HOW TO COMPLETE THIS TASK:
Repeat the data in full. Drop every picture.

SOURCE MATERIAL:
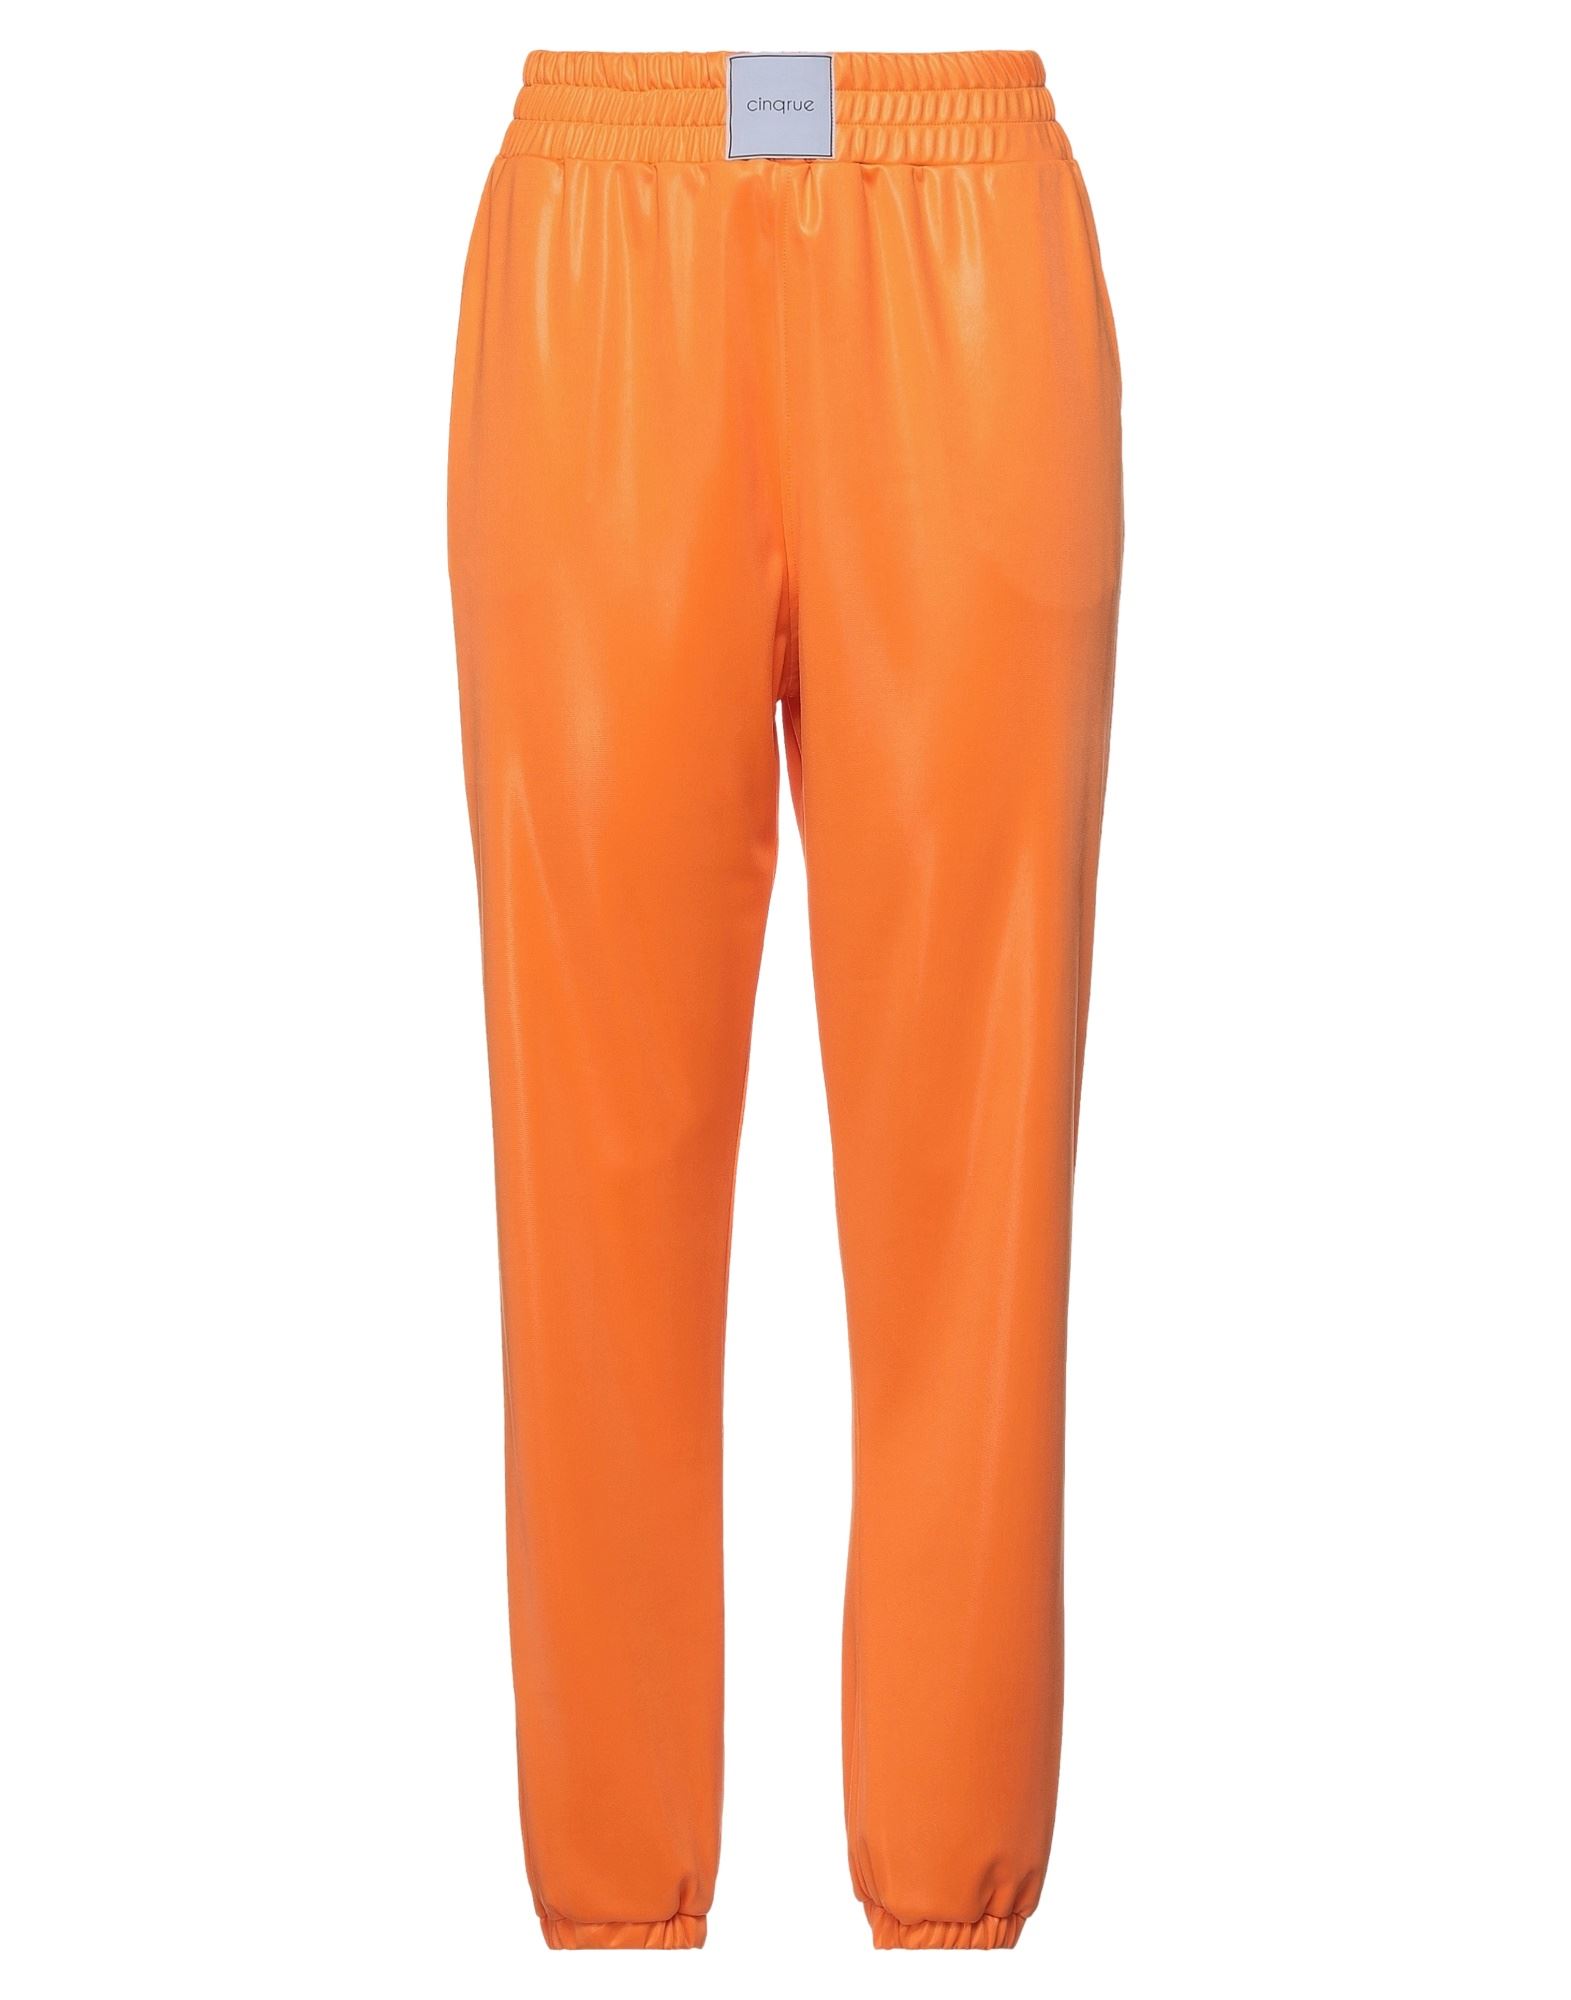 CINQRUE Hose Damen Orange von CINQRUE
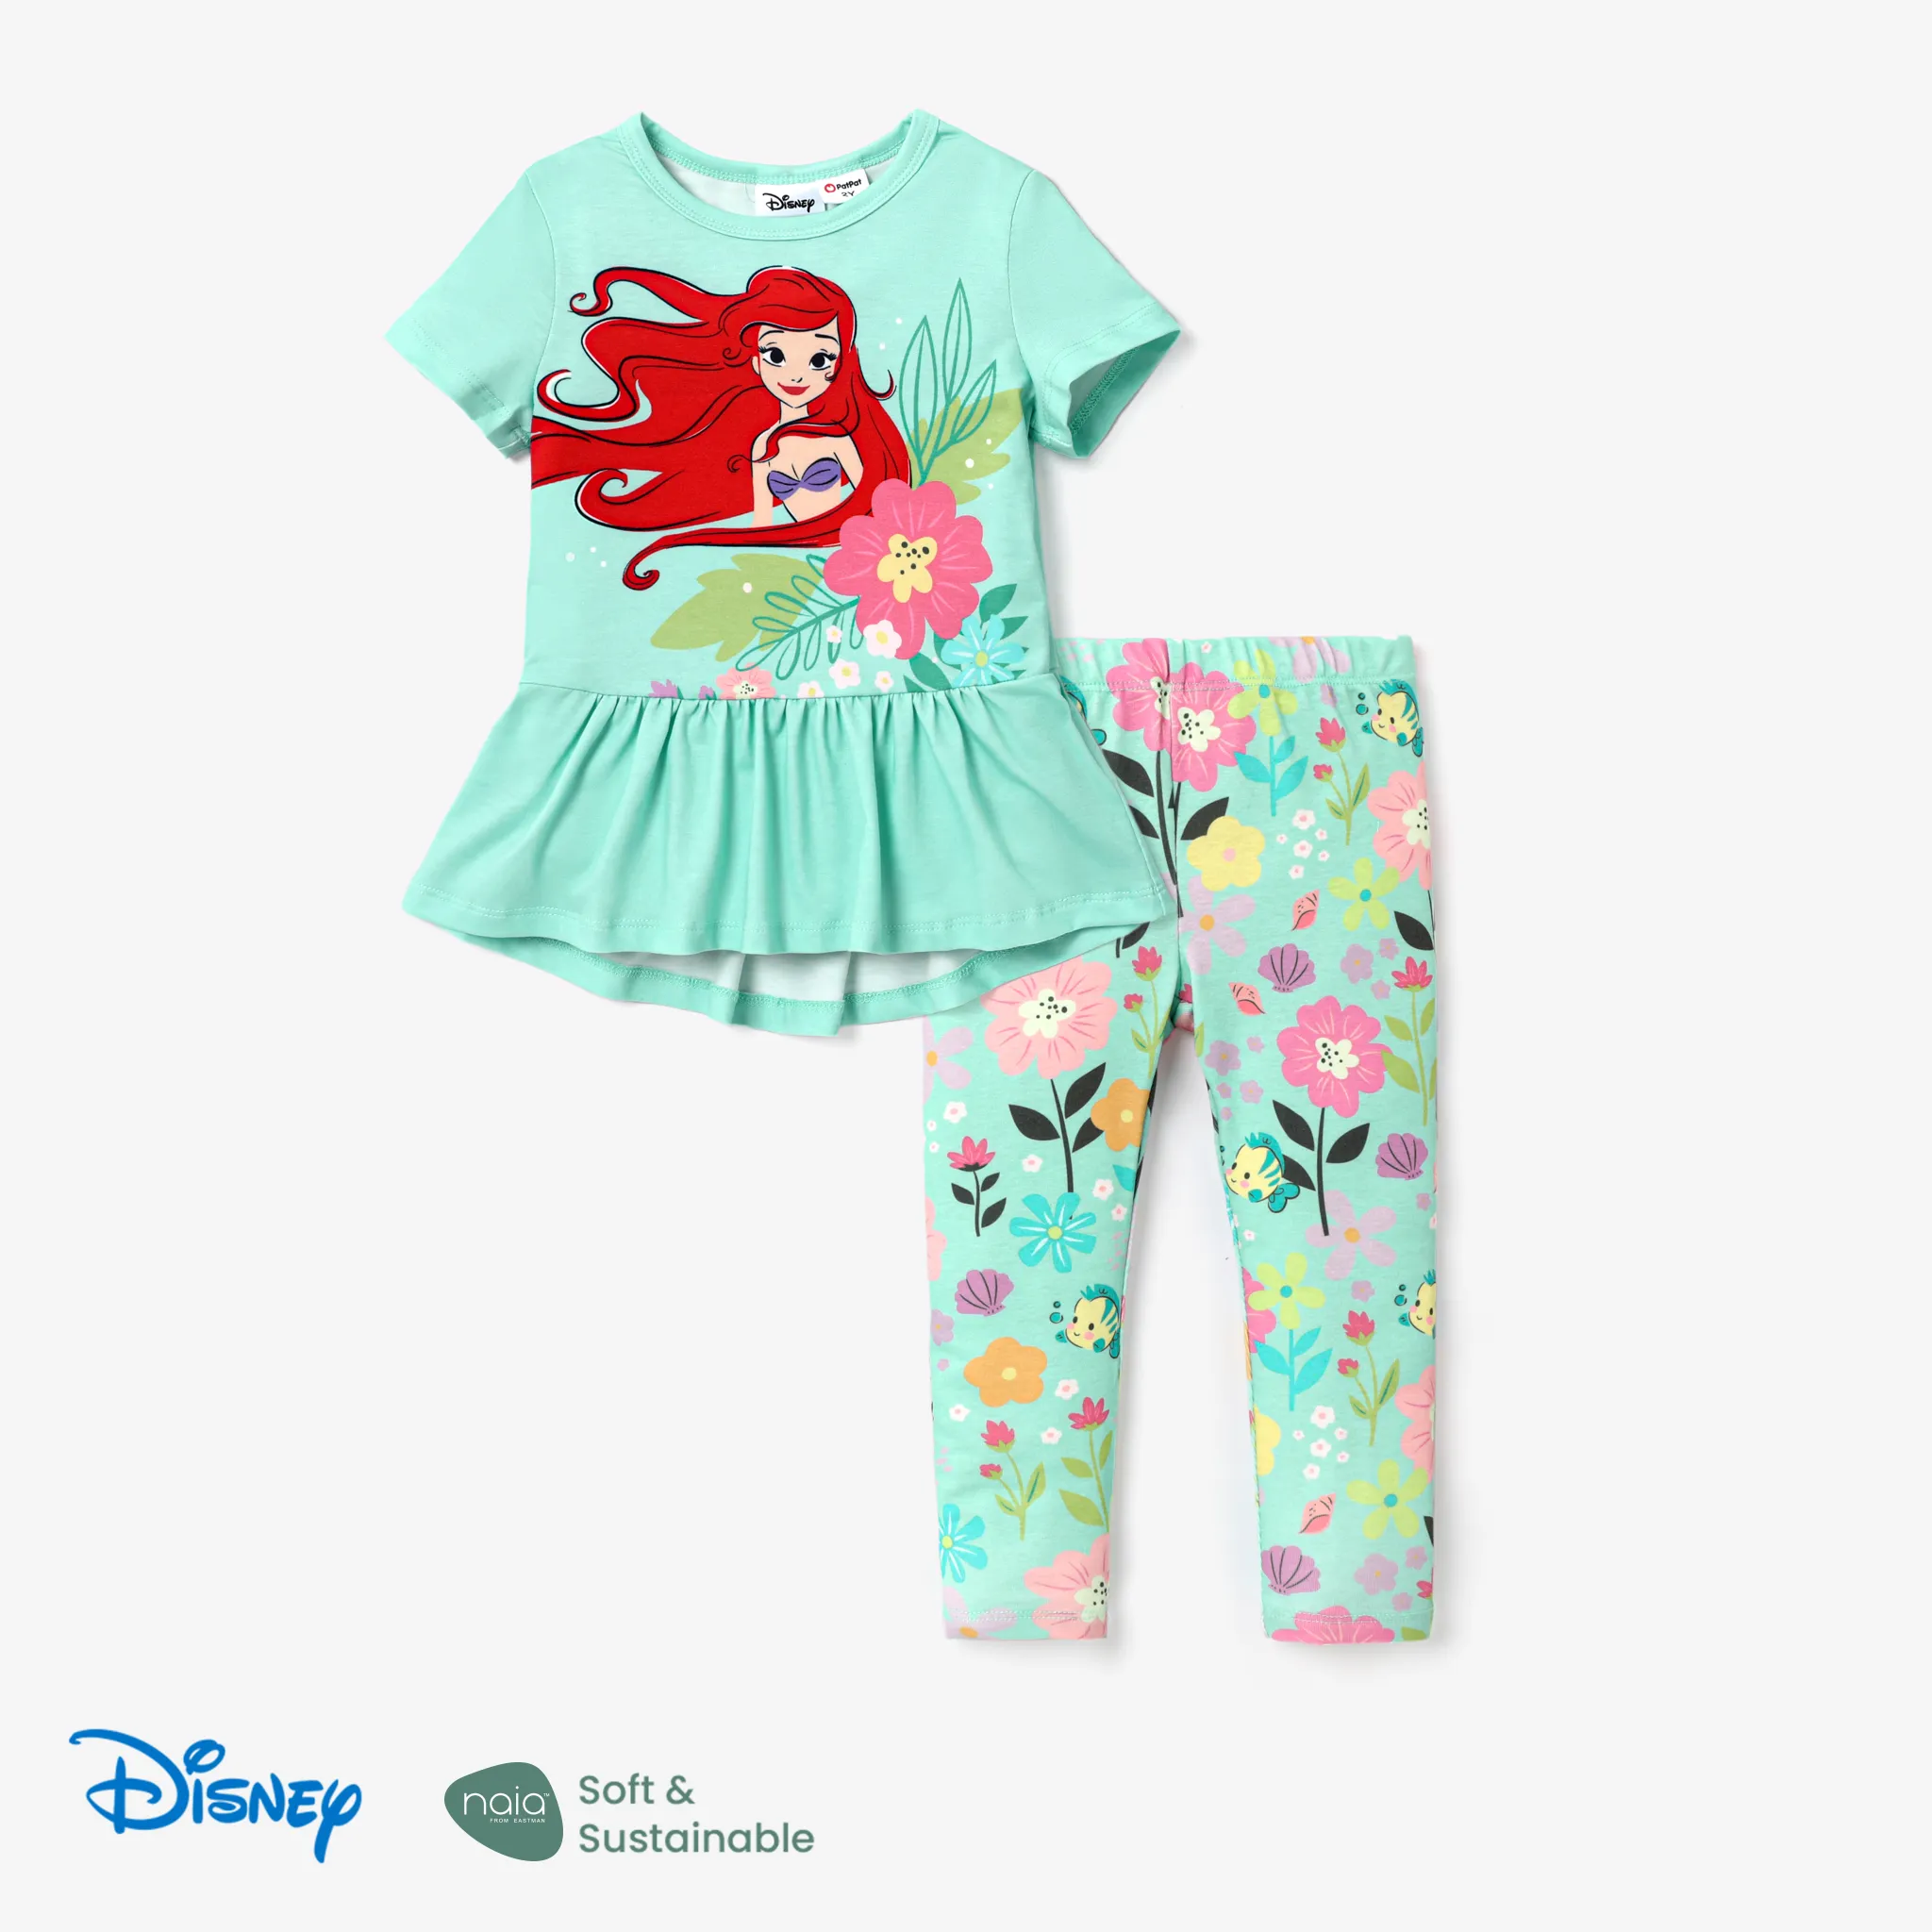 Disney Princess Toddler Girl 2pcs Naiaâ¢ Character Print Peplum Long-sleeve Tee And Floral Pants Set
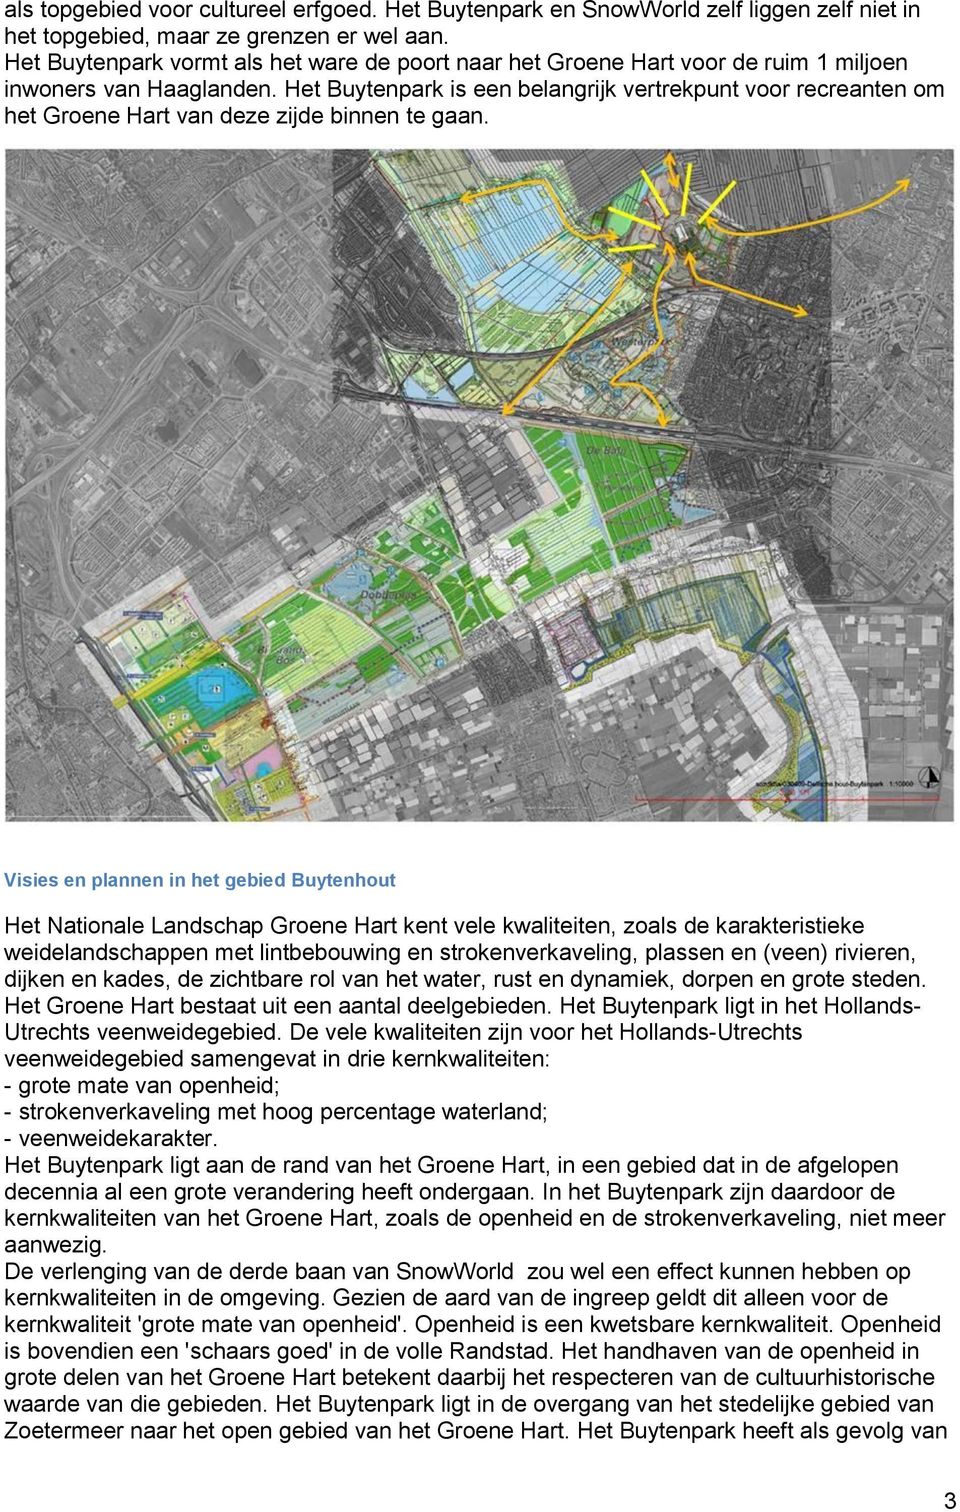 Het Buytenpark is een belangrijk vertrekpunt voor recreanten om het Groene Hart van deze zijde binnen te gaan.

EXERCISE ANSWER:
 CINQRUE Hose Damen Orange von CINQRUE
 Disney Princess Toddler Girl 2pcs Naiaâ¢ Character Print Peplum Long-sleeve Tee And Floral Pants Set
 Het Buytenpark is een belangrijk vertrekpunt voor recreanten om het Groene Hart van deze zijde binnen te gaan.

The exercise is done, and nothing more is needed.